President Donald Trump on Tuesday vetoed a resolution from Congress directing him to end U.S. support for the Saudi-led war in Yemen, the second such move of his presidency.
The resolution was a harsh bipartisan rebuke to Mr. Trump that took the historic step of curtailing a President’s war-making powers — a step he condemned in a statement announcing his veto. “This resolution is an unnecessary, dangerous attempt to weaken my constitutional authorities, endangering the lives of American citizens and brave service members, both today and in the future,” Mr. Trump said.

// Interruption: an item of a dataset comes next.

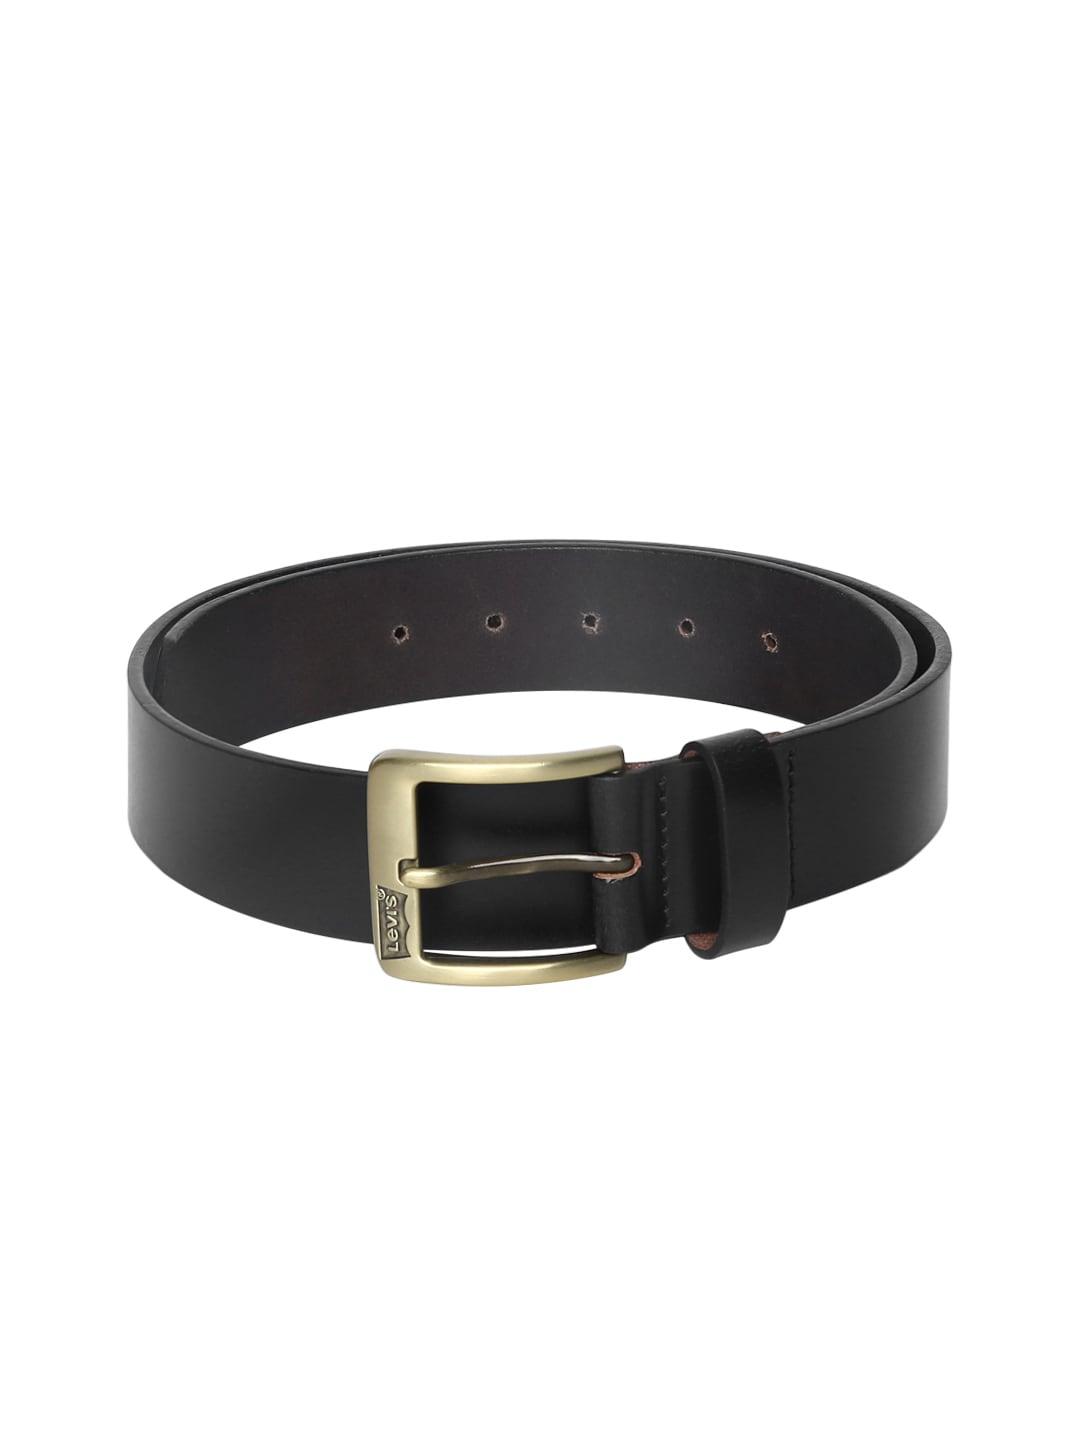 levis-men-black-solid-leather-belt

The veto was the second of his presidency, after he overrode a congressional resolution that aimed to reverse the border emergency he declared in order to secure more funding for his wall between the United States and Mexico in March.
Vetoing the measure is an “effective green light for the war strategy that has created the world’s worst humanitarian crisis to continue,” said International Rescue Committee president and CEO David Miliband.

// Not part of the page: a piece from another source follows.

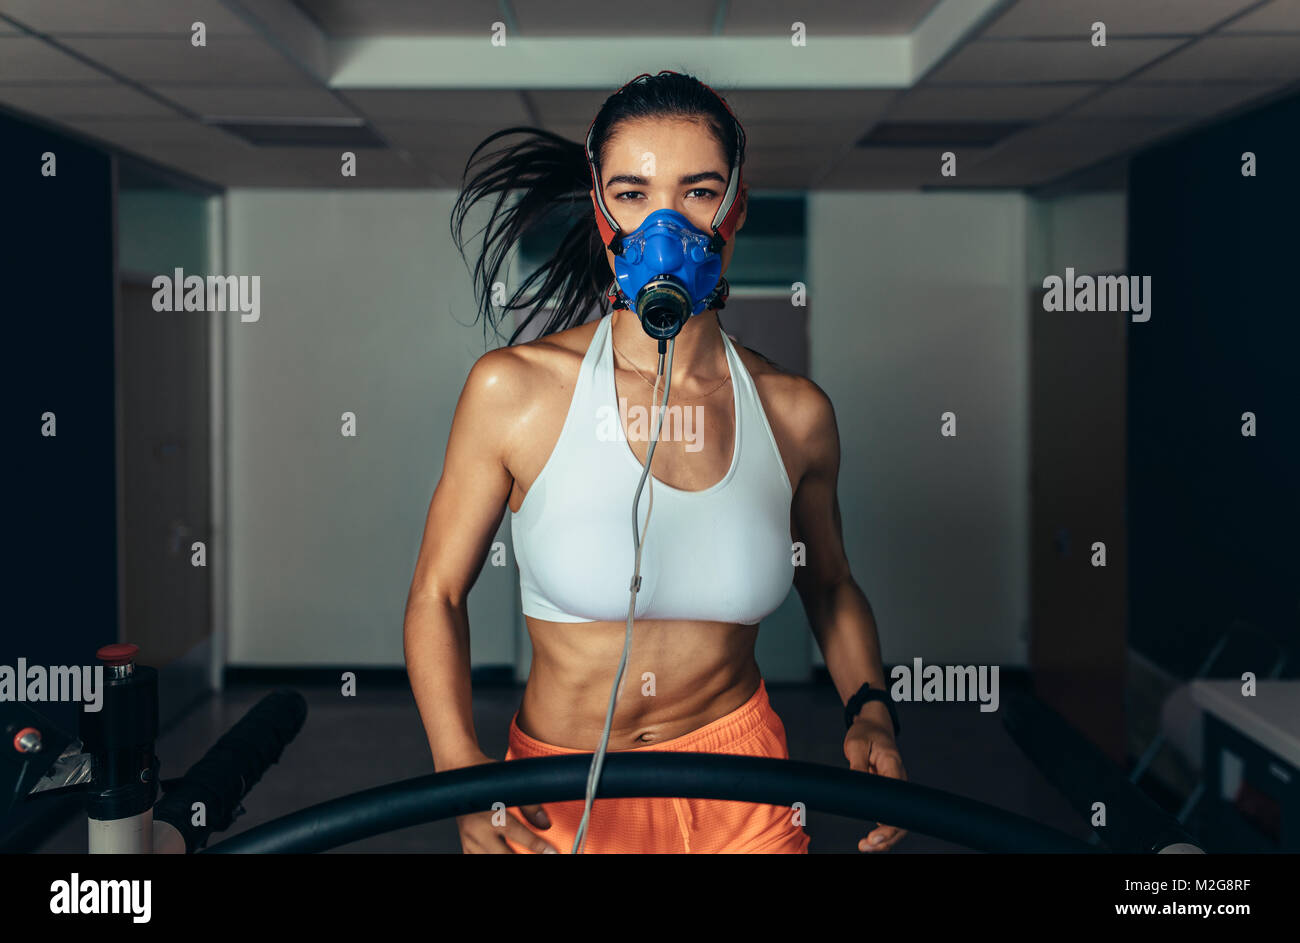 Portrait of female runner wearing mask on treadmill in sports science lab. Grande sportive s'exécutant sur un tapis roulant et le suivi de ses performances de remise en forme. Banque D'Images

“Yemen is at a breaking point with 10 million people on the brink of famine. There are as many as 100 civilian casualties per week, and Yemenis are more likely to be killed at home than in any other structure.”
Mr. Trump argued that U.S. support for the bloody war between the Saudi-backed Yemeni government and Iran-aligned Houthi rebels was necessary for a variety of reasons, “first and foremost” to “protect the safety of the more than 80,000 Americans who reside in certain coalition countries.”
These countries “have been subject to Houthi attacks from Yemen,” he said.